Denzin’s publishing reflected his focus on social and ethnic justice, and the qualitative researcher’s role in cultivating underheard voices for the betterment of all. Starting with Reading Race, books such as Qualitative Inquiry under Conservative Regimes (2006), edited volumes with Michael Giardina like Contesting Empire, Globalizing Dissent: Cultural Studies after 9/11 (2006), Ethical Futures in Qualitative Inquiry: Decolonizing the Politics of Knowledge (2007), Qualitative Inquiry and Social Justice (2009), and the Handbook of Critical Indigenous Inquiry edited with Lincoln and Linda Tuhiwai Smith showcased actionable steps scholars could take. Denzin paid particular attention to the poor job scholars had done for native Americans, critiques made manifest in the Indigenous Inquiry handbook and volumes like Searching for Yellowstone: Race, Gender Family and Memory in the Postmodern West (2008), Custer on Canvas: Native Americans Memory, Museums and Violence in the New West (2011), and Indians on Display: Global Commodification of Native America in Performance, Art and Museums (2013).

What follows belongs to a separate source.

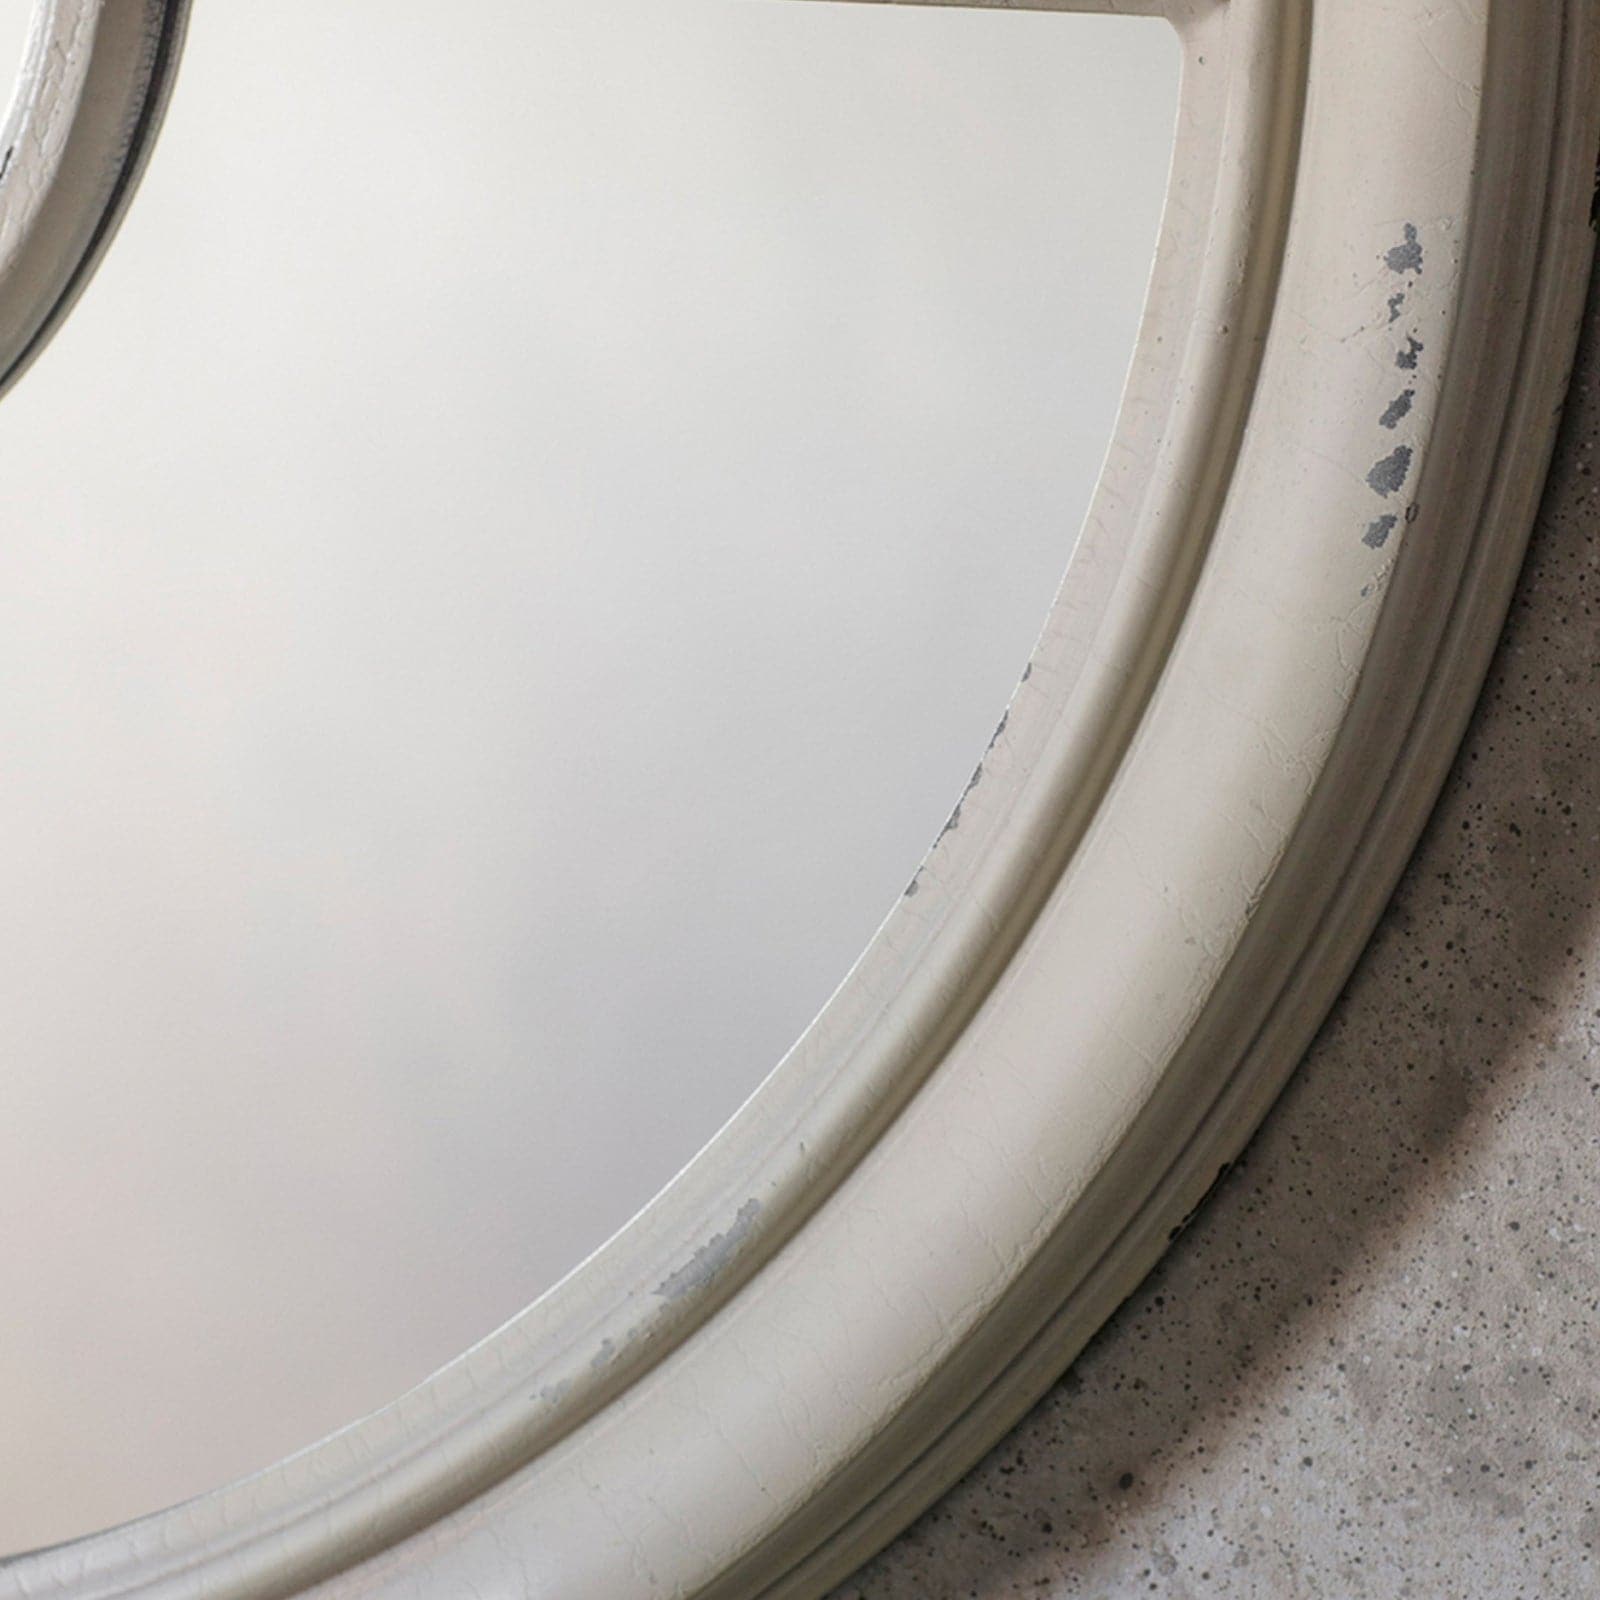 Distressed White Round Window Mirror - The Farthing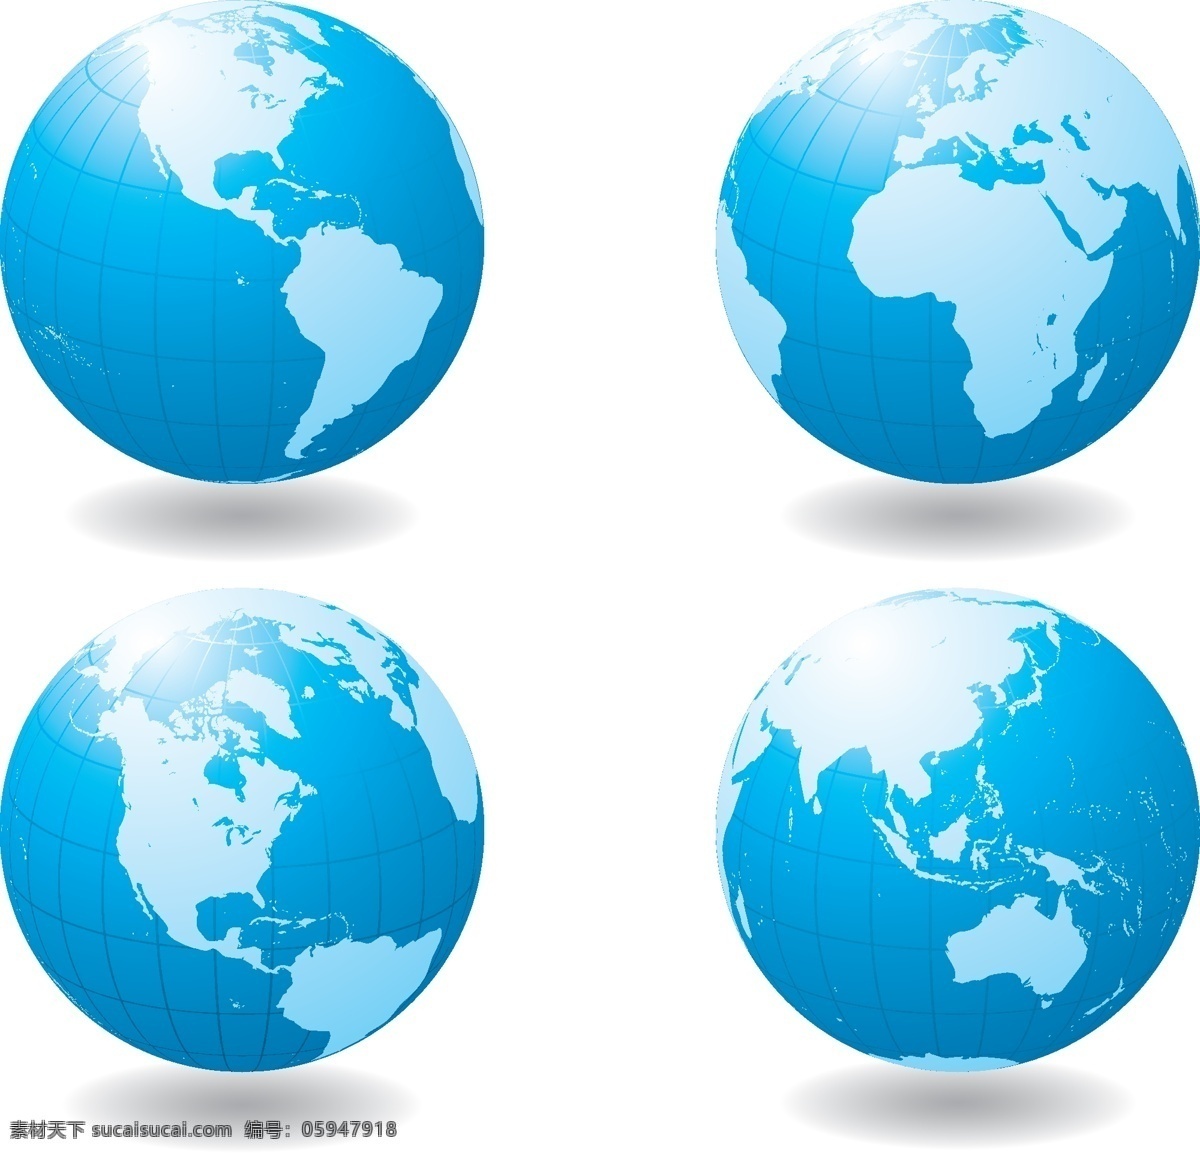 矢量地球 蓝色地球 地球素材 地球 绿色地球 环保地球 地球城市 爱护自然 保护地球 托住地球 毁灭 世界末日 天气 气流 矢量素材 标志图案 标识标志图标 矢量

Over his career, Denzin received many honors and accolades. In 1997 he was awarded the George Herbert Mead Award for lifetime contributions to the study of human interaction by the Society for the Symbolic Interaction. In 2006 the Carl Couch Center for Social and Internet Research established the Norman K. Denzin Qualitative Research Award, and four years later presented him its Clifford G. Christians Ethics Research Award for his book Interpretive Ethnography. The International Association of Qualitative Inquiry presented him its Lifetime Achievement Award in 2009.
But as his hometown obituary notes, in the end, Denzin was more than the sum of his parts. “Norman was a dreamer, a visionary, a utopian. For all of his scholarly achievements, he didn’t define himself in such terms. As he wrote in one of his books, he saw himself as an ancestor, husband, grandson, uncle, father, grandfather, friend, colleague, co-worker, community member, mentor, justice activist, antiracist, inclusive global citizen and more.”
He is survived by his spouse, Katherine Ryan, two daughters and eight grandchildren. A public celebration of his life will be held at the next International Congress of Qualitative Inquiry in May 2024.